- Posted by redglue
- On May 4, 2019
- 0 Comments
- big data, databricks, open source
We work with Databricks, a lot, so the recent news from the Spark creators are for us a great step in the right direction.
Databricks is an analytics cloud platform only. It is not available on-premises and some of their great features were not opensource. While this is ok for some customers, for other customers it is difficult to stay locked-in to some of their features.
Recently Databricks announced that at Spark AI Summit that Databricks Delta Lake project goes opensource. This is major news for all (like us) support the opensource community.
Some of the issues solved by Databricks Delta are:
- ACID transactions
- Data versioning and time travel
- Ability to write batch and streaming directly
- Support for DML (Update, Delete, Merge)
- Schema validation and management
For those Data Architects reading this this is major news, because only they know how difficult is to build a Datalake with decent reliability and performance.

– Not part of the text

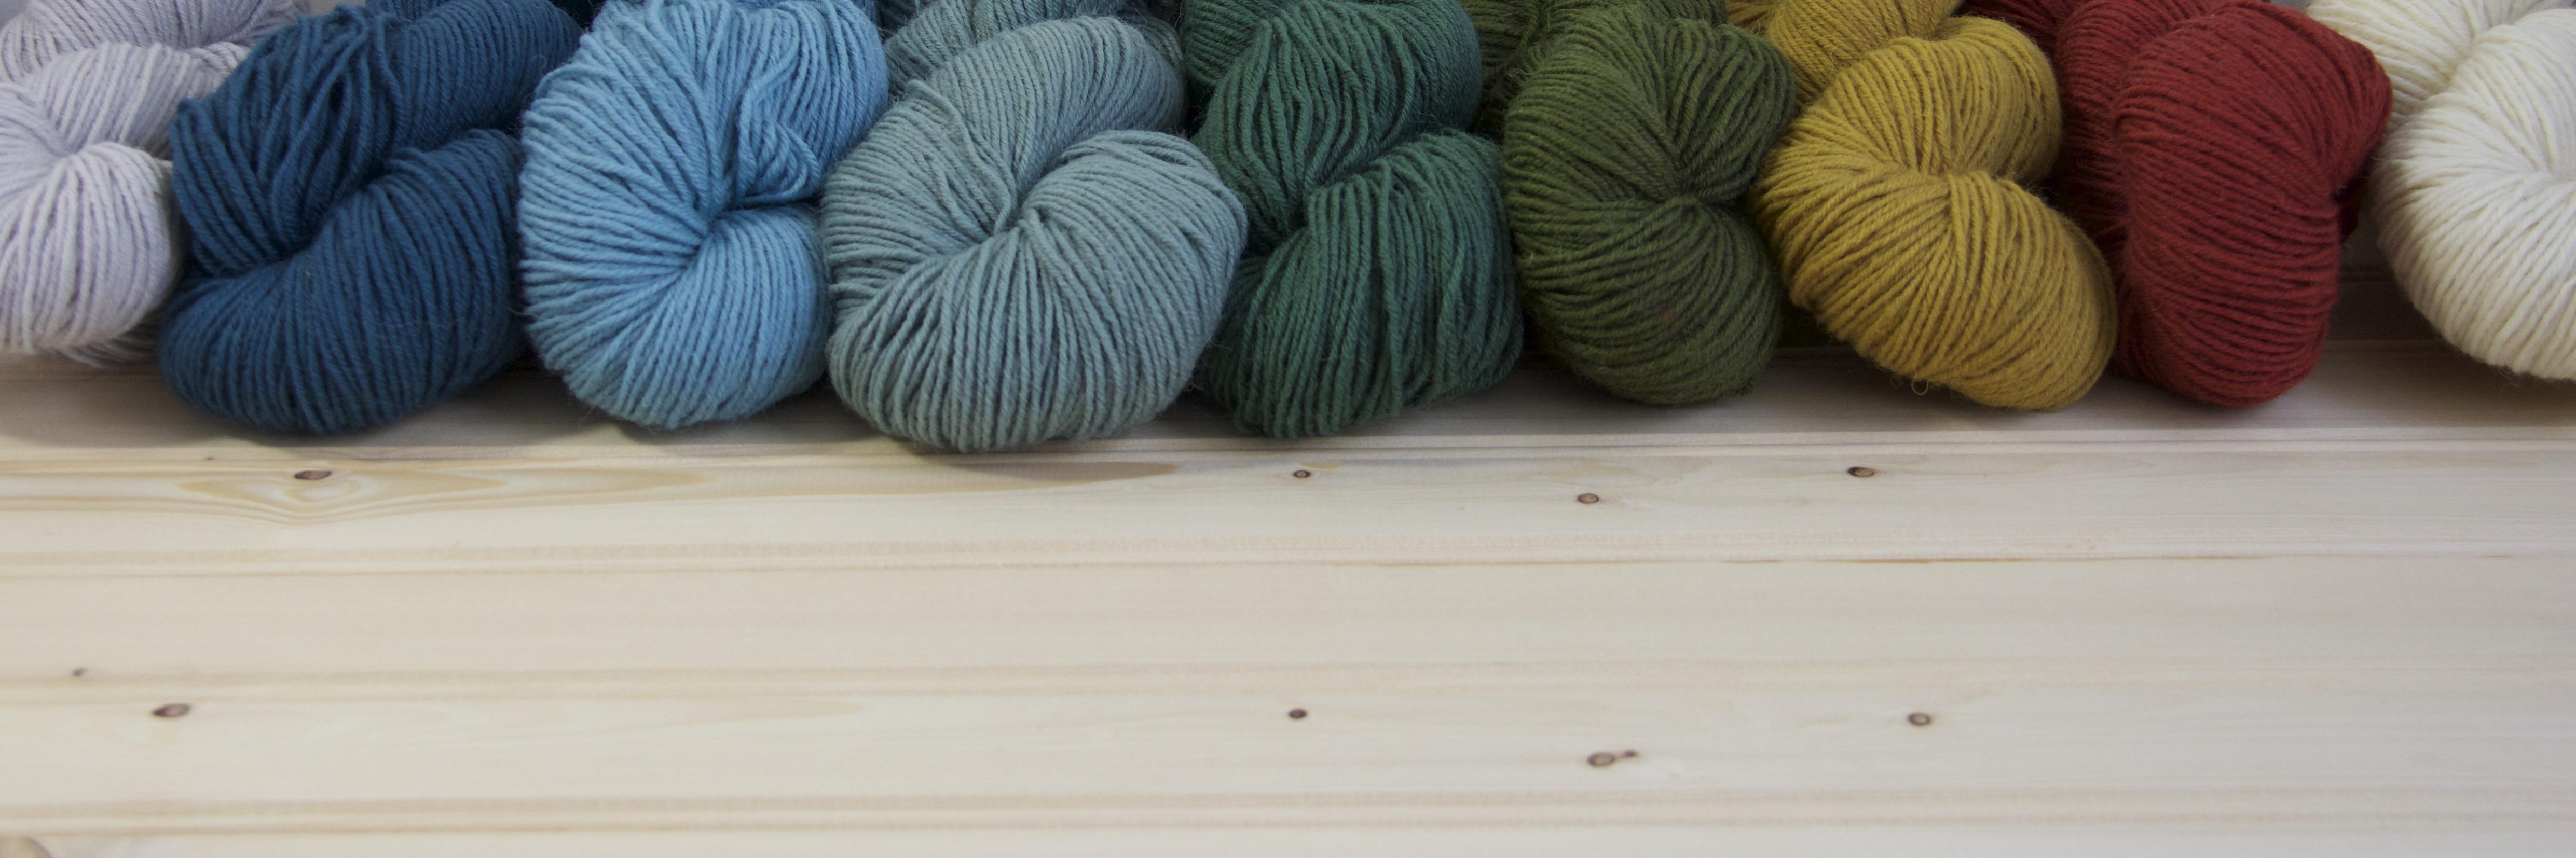 At Sea: Guernsey, Gansey & Arans - Cornwall Yarn Shop, Ltd.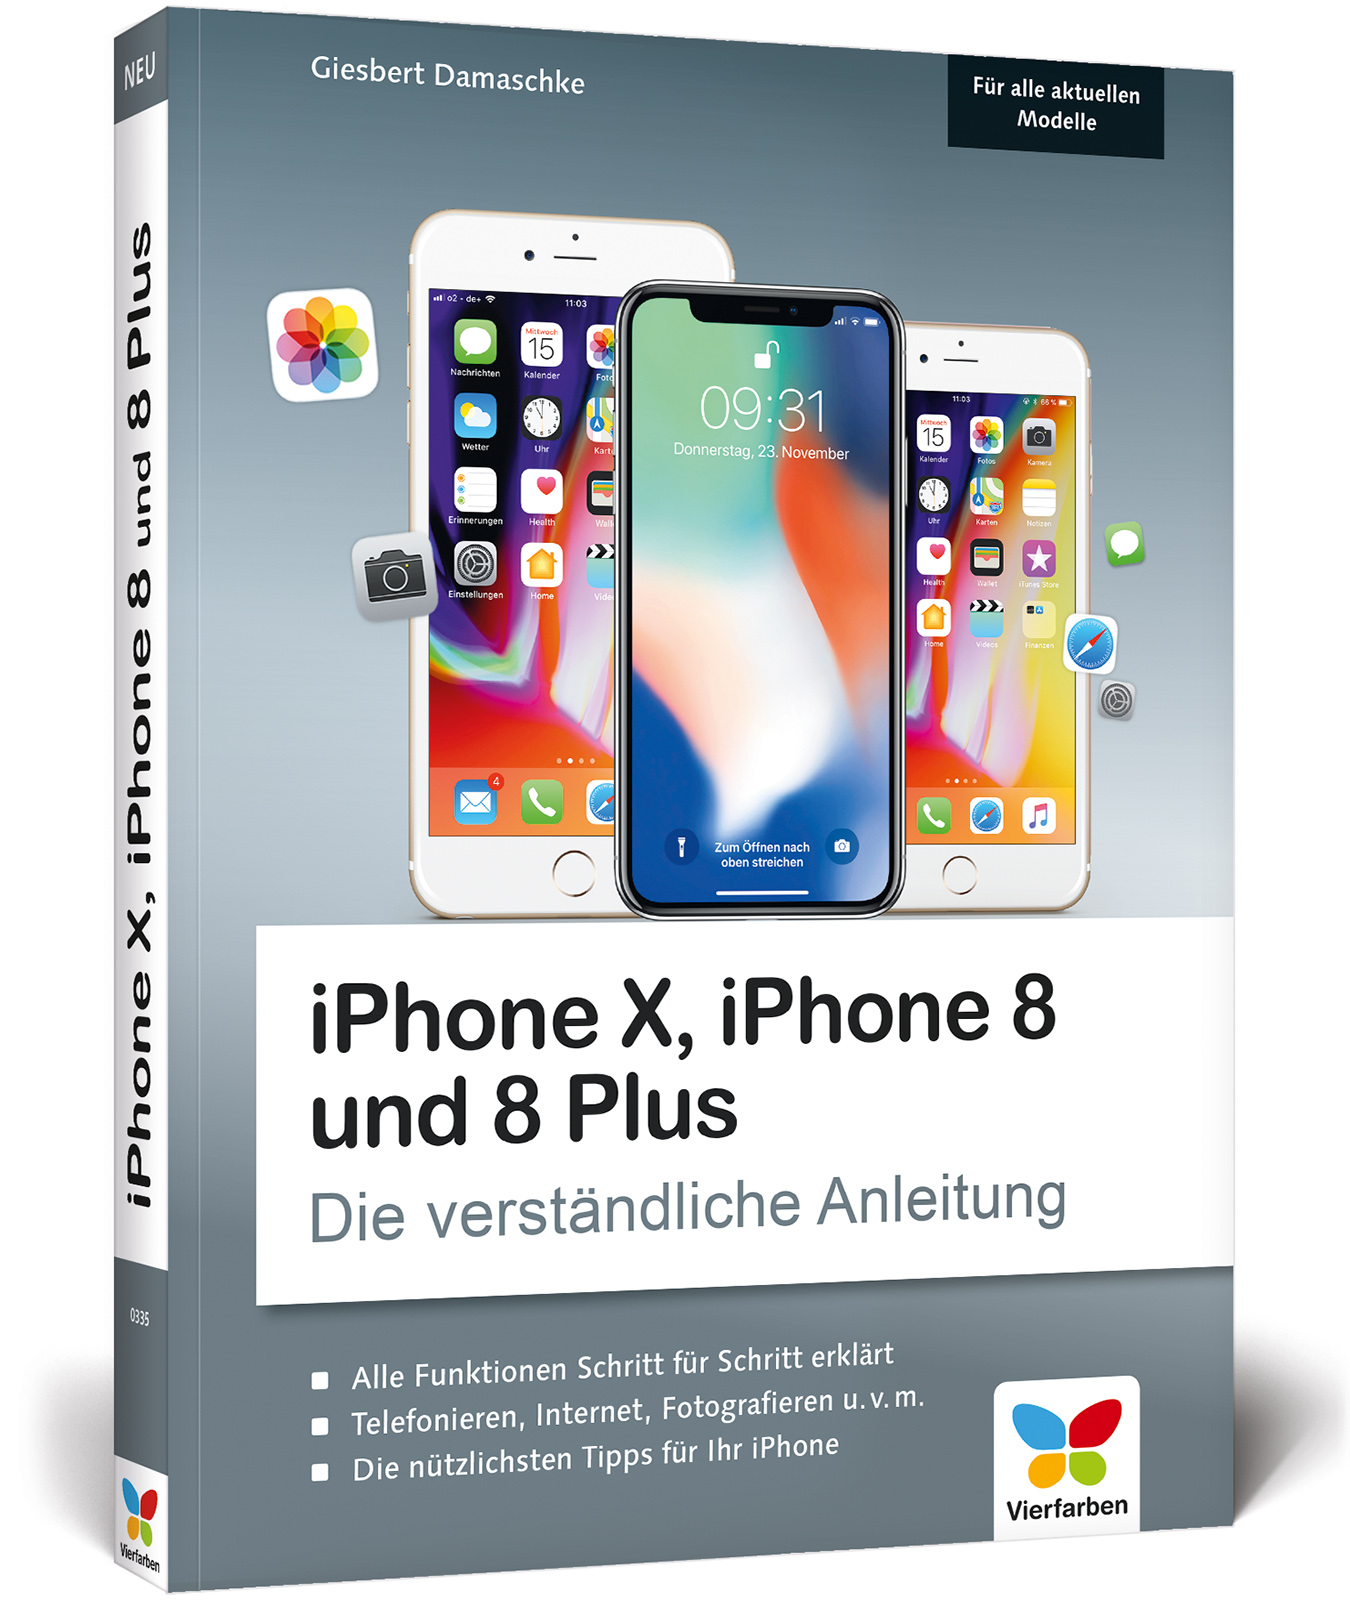 iPhone-X-iPhone-8-und-8-Plus-Giesbert-Damaschke

Eventually Databricks Delta will receive some “pull requests” from data community and some other vendors (looking at you, Cloudera) start to integrate in the Hadoop distributions.
In other news from Spark AI Summit, Databricks announced the project Koalas, it is basically porting Pandas Dataframe APIs on top of Spark, so you can deploy your already “one-computer” code to a distributed computing platform like Spark.
Happy hacking and coding!